Maria was a fabulous monster but inspired as much love as she did hate. I adored her. County folk in Wiltshire found her impossibly grand and distrusted her connections to several highbrow international queens for whom she doubled as a kind of muse and high priestess during their various trips into town. Tennessee Williams was her best friend. According to Maria, he had based the character of "the Cat" in Cat on a Hot Tin Roof on her, and no matter what her detractors could say to the contrary there was more than a marked similarity between the two women. Maria was a Tennessee Williams character. (On his death she became the executor of Tennessee's estate and it was only through her that I managed to get permission to play Mrs. Goforth in The Milk Train Doesn't Stop Here Anymore.) Whatever else, Maria was a fiercely loyal friend and her special attachments included Gore Vidal and Franco Zeffirelli.

Zeffirelli was Natasha's godfather, and when I heard he would be coming to her eighteenth-birthday ball at Wilbury, I became hysterical with excitement. I arrived at the ball dressed from head to foot in black leather and proceeded to scour the house for a sighting of the great maestro fairy. Sadly, when at last he approached me, I had no idea whom I was talking to and simply thought, in the arrogance of youth, that he was just another antique dealer friend of Maria's who was trying to get into my pants. I glanced down my nose at him a couple of times and answered his questions with a perfunctory "yes" or "no," staring res­olutely ahead onto the dance floor where young men in dinner jackets and girls in billowing ballgowns were gyrating and pogoing to a music other than that which was playing in the room. Zeffirelli stalked off. I nearly fainted when I realised my mistake.

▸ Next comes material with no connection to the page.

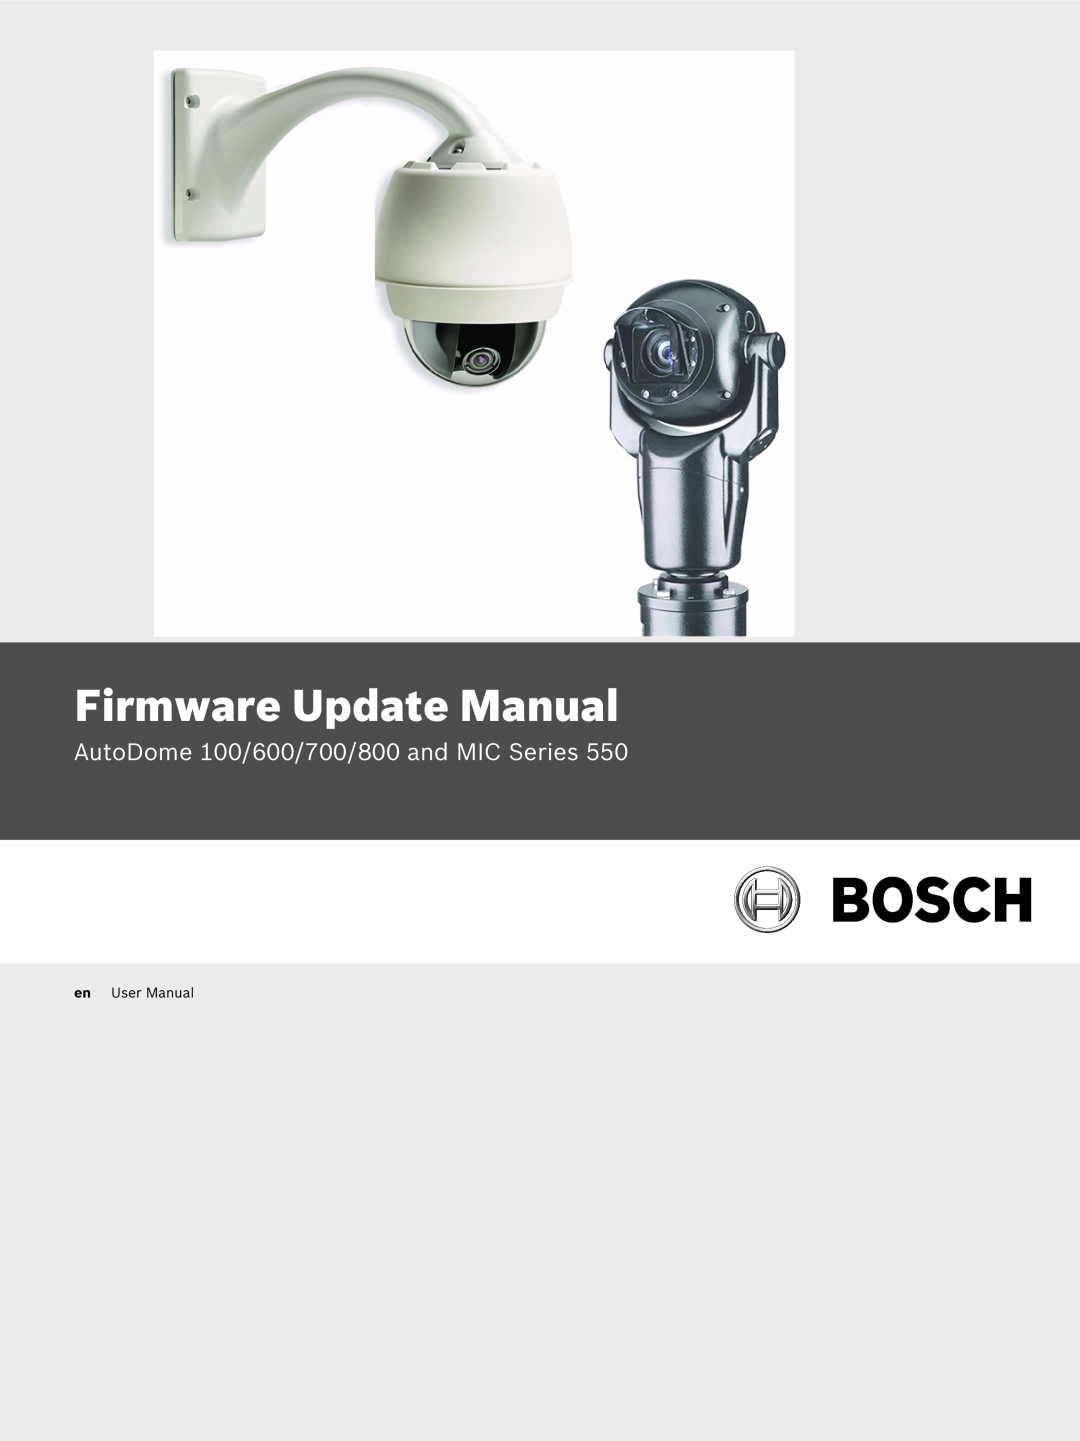 Bosch Appliances 600 operating instructions Troubleshoot resources for homeowner, Water Wizard

Maria loved her daughters with a deep and dangerous passion. She was hell-bent on motivating them, but unfortunately for her their make-up contained more than a vein of their father's depressive nature, not to mention a healthy dose of that genetic Russian predilection for sitting around gloomily drinking tea. Maria's tirades only helped Natasha to hide deeper inside herself.

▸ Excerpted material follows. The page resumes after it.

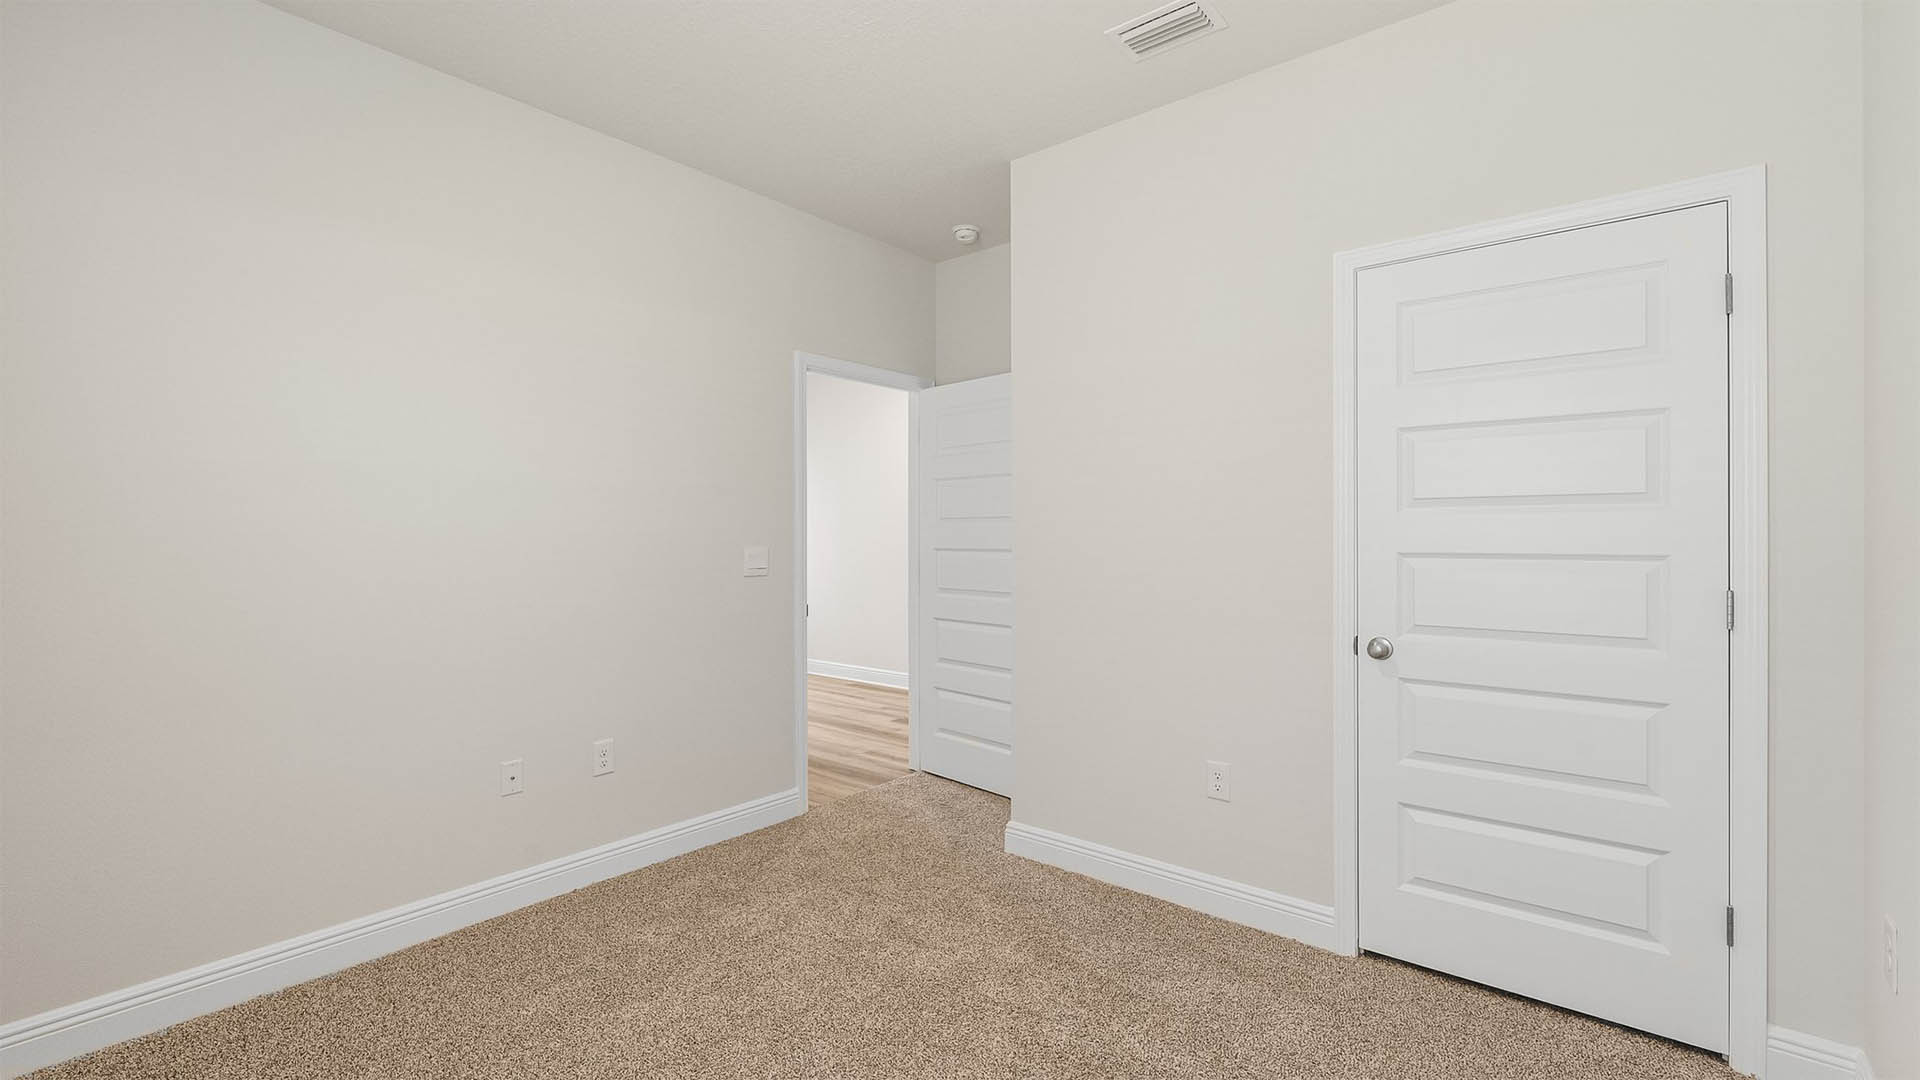 Bedroom with carpet floors and closet.

My family moved from Essex to Wiltshire in 1979 and from Enford, where we lived, to Wilbury was a fifteen-minute drive across tiny coun­try lanes over the Salisbury Plain. Natasha and I beetled dangerously back and forth when the pressure of our mothers became too much.

One weekend, just after my return from Yugoslavia, there was an especially explosive lunch at Wilbury. It was Boxing Day, and Maria was being particularly poisonous. Natasha and I went out for a walk. I was leaving for India in the New Year on another miniseries called The Far Pavilions. I was home, but I'd already escaped. Natasha had not. A cold winter night was settling in. The old house stood grey and forlorn behind us. The raised voices and tears of five minutes ago dissolved in the damp silence of the sleeping countryside. The sky was still white but there was no light. Pheasants flew over, their weird strangled shrieks echoing through the woods. Natasha was in a black mood. At the end of the huge unkempt lawn was a dogs' cemetery. Surrounded by broken park fencing, little crosses marked the graves of generations of pugs and retrievers. The names of the dead were engraved upon them. Froggy Footman. Mishka. Kabanos. Later Maria herself was to be buried there.

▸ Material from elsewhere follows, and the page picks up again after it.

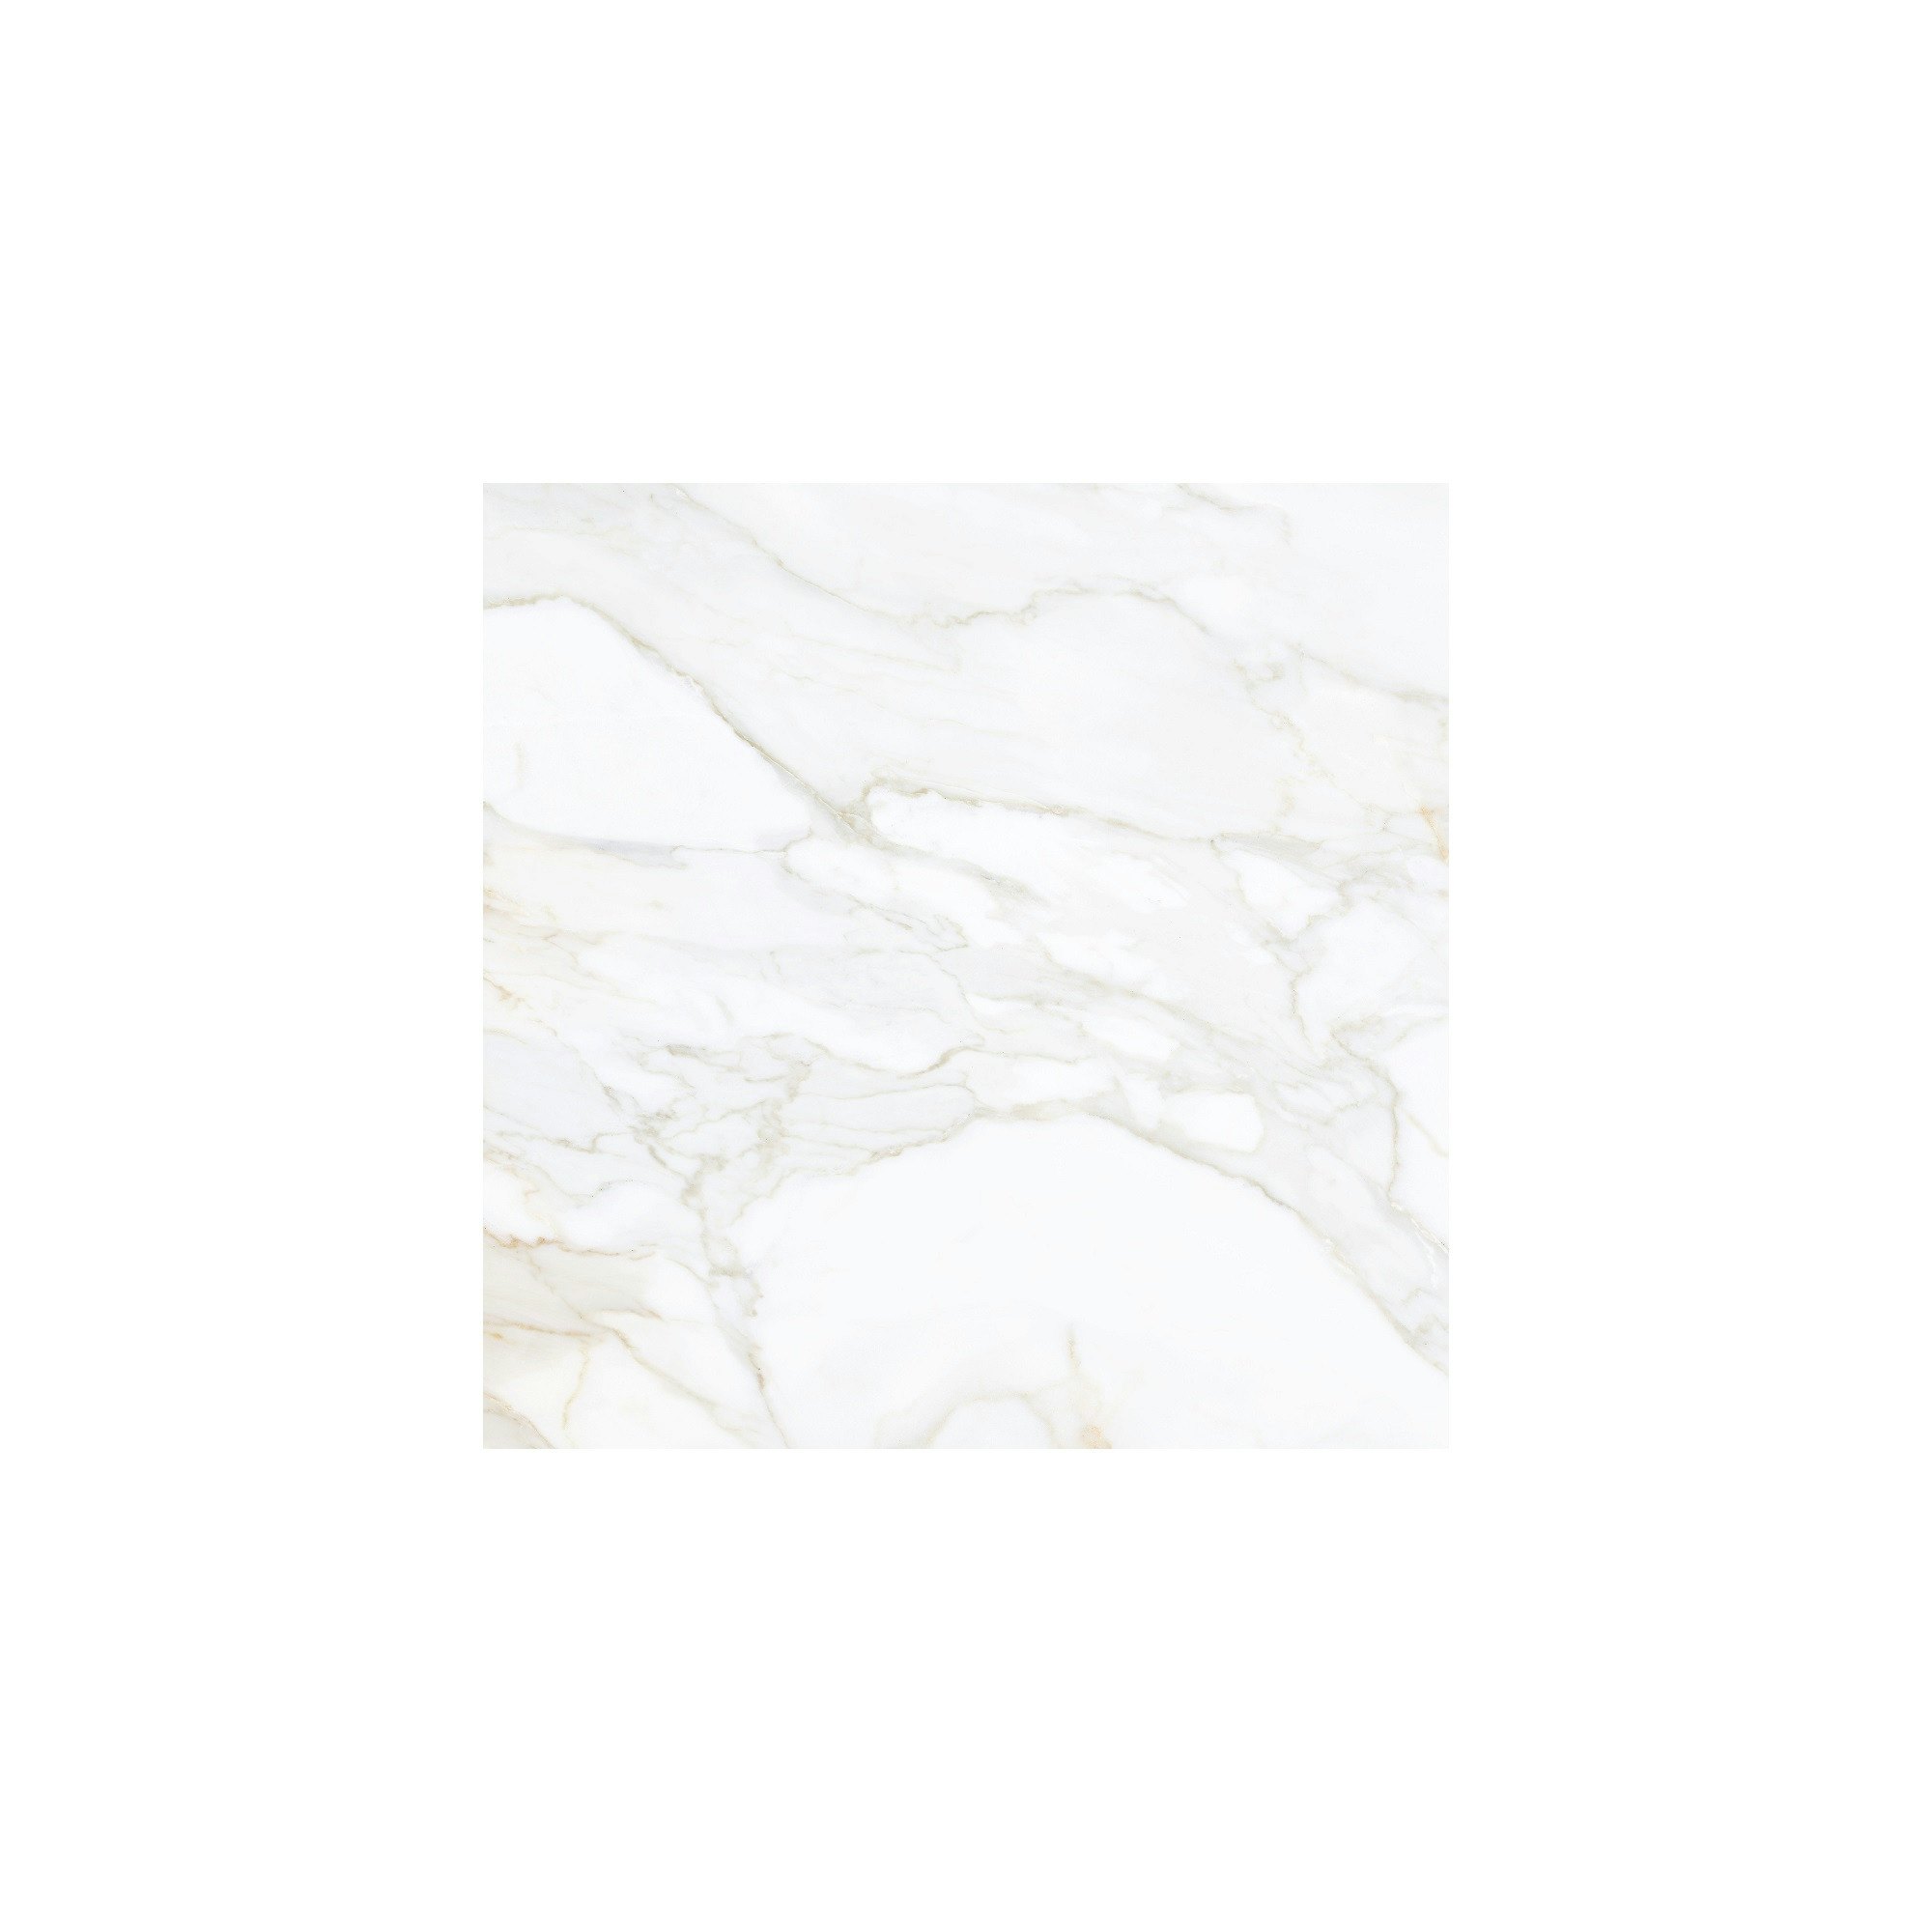 Livorno Grey Gold Marble Effect 600x600mm Tile

Suddenly screams and shouts shattered the silence. A car screeched down the drive. We looked at each other and walked quickly into the trees.

"The Australians have left, can you beat it?" Maria's voice bounced between the house and the woods.

We turned around. She was tiny in the large windows of the library. Behind her the Christmas tree glittered and sparkled with tinsel and blinking fairy lights. She might have just jumped off it. You had to smile because she never stopped. The harangue continued as we trudged back to help with the washing up. Coming around the house we could see her hurtling past windows like a crazy witch. We both laughed, but as we got to the front door Natasha suddenly took my arm and looked at me with an unusual earnestness. "Don't you need some kind of assistant when you go to India?"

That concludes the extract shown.